Liz and I are now offficially highest. OH, and your girlfriend may be a vampire. Heads up. SPARKLESSSSS
Put my glitter back.
There is something about listening to Patsy Cline while pooping that makes the experience so much better.
I've never had a woman show me her venereal disease results in a bar before.
I also tried to drunkenly adopt a kitten last night. It didn't pan out.
Restaurants Roasting People Who Gave Them Negative Yelp Reviews (25 Pics)

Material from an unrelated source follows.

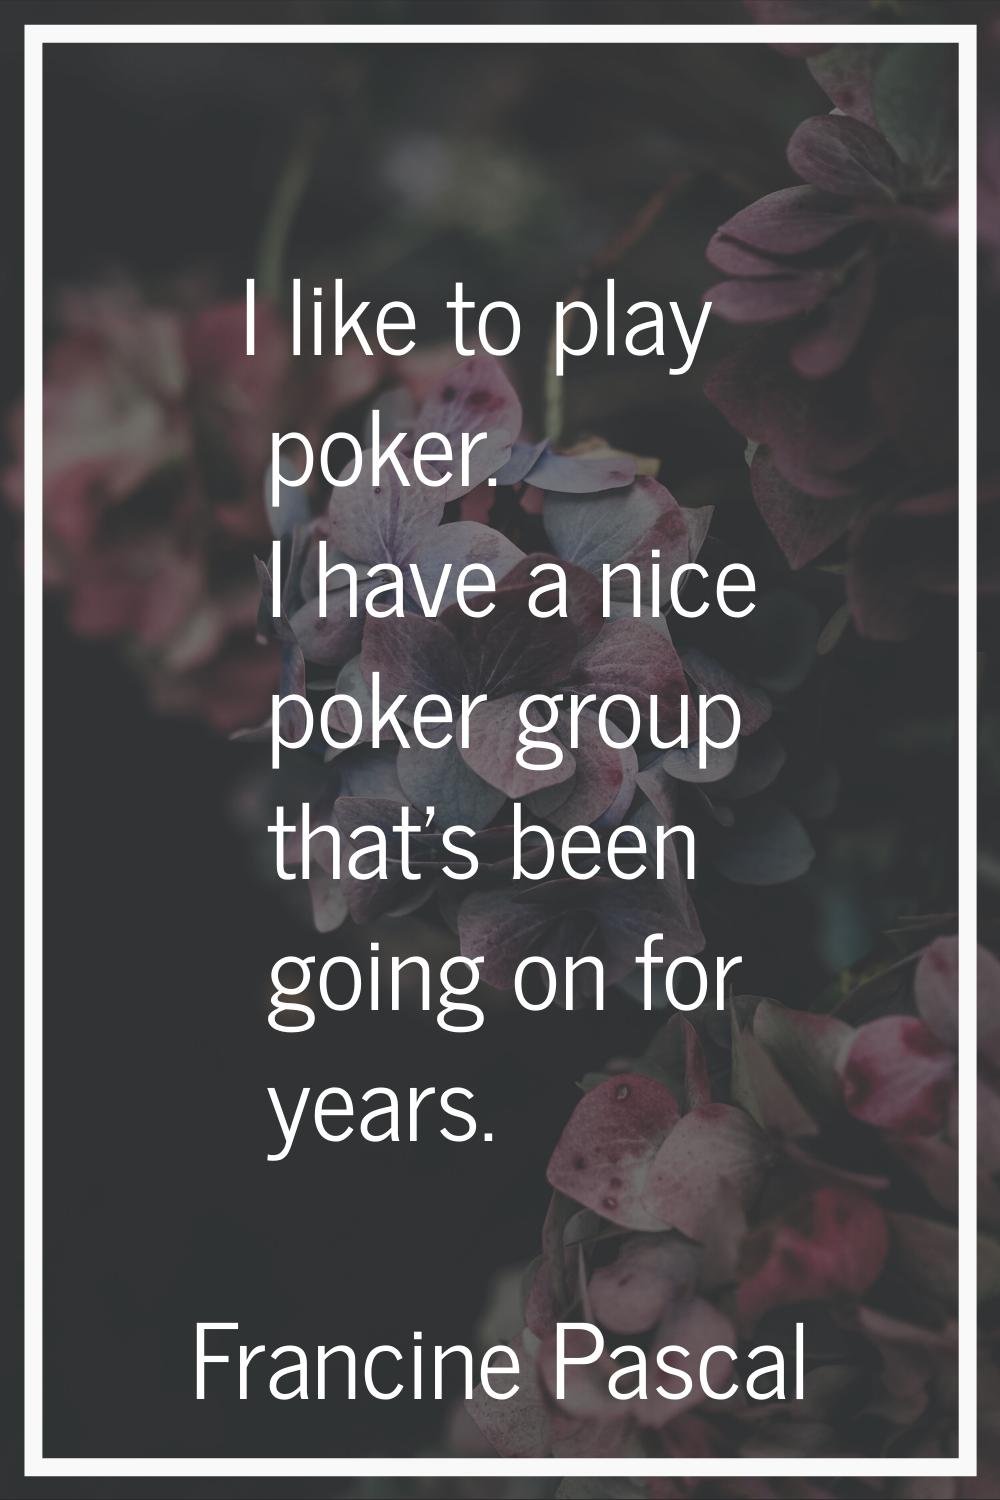 I like to play poker. I have a nice poker group that's been going on for years.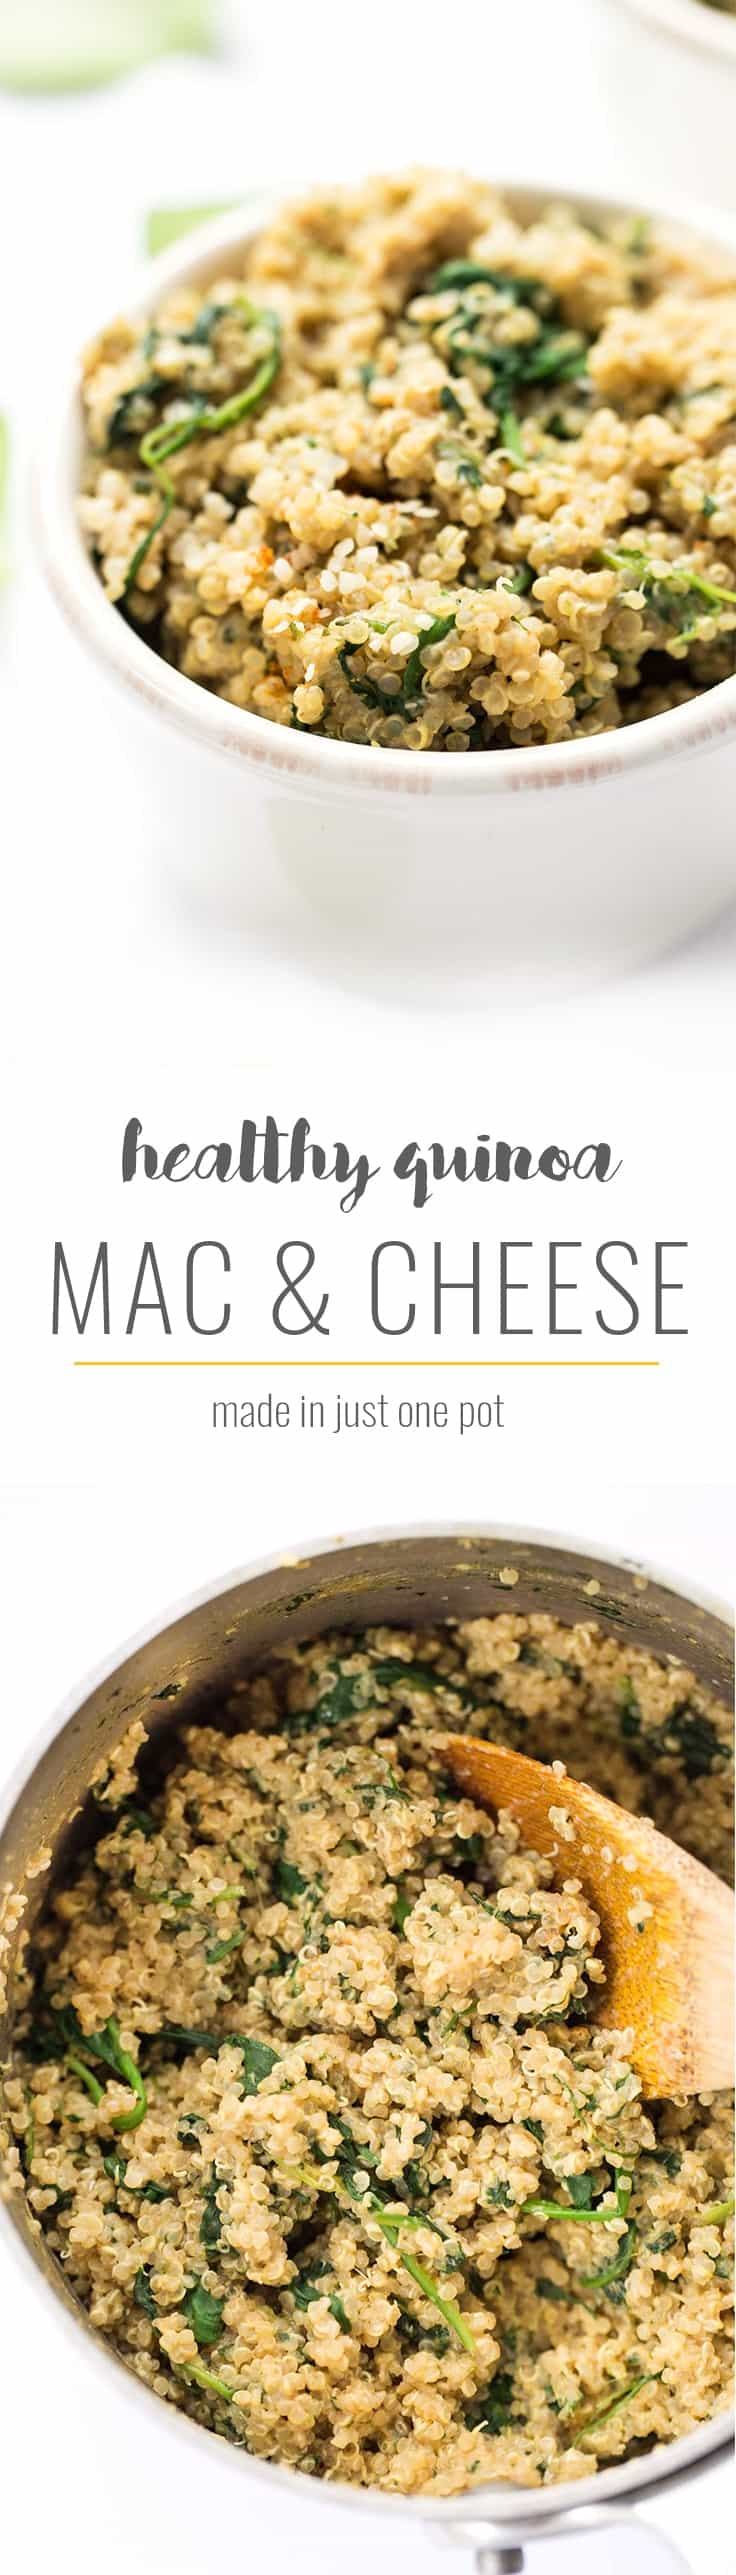 This HEALTHY Quinoa Mac and Cheese recipe is made in just one pot, is super high protein and a great way to sneak in some greens! || 340 calories, 30g protein per serving

She was indeed spoonfeeding you potato salad out of that giant bowl with a giant spoon. Dont feel special, she was giving it to everyone that left the bar.
Would it be bad if I bought her bread, meat, cheese, and stuff as her christmas present so she can make me a sandwich?
Just got a blowie during the Avengers. It's weird knowing that the high point of your life just happened.
Someone's vagina was extra sandy cause the left side of my bed feels like the beach.
My new hobby is moving his stuff to random places in the house. Good luck making a smoothing at 6:30 in the morning, the blender top's in the dog food container
Woman Posts Harassing DMs From Creep Online, Now He’s Upset Because People Told His Mom
WAKE THE EFF UP THE UBER DRIVER IS TRYING TO TAKE ME HOME
He forehead kissed me AND THEN asked what I was thinking. I'm taking away his man card.
Hey, you know that marble art statue thing in your bedroom? Hypothetically what would happen if a penis got stuck in it?
I think part of my soul drowned in beer and/or jack daniels last night.
I'm sitting in the car vaping at an elementary school to try and deal with the stress of existing. About how i thought being 30 would go for me tbh
The gift for sixth anniversary is steel. He bought me handcuffs. Inee I married the right man!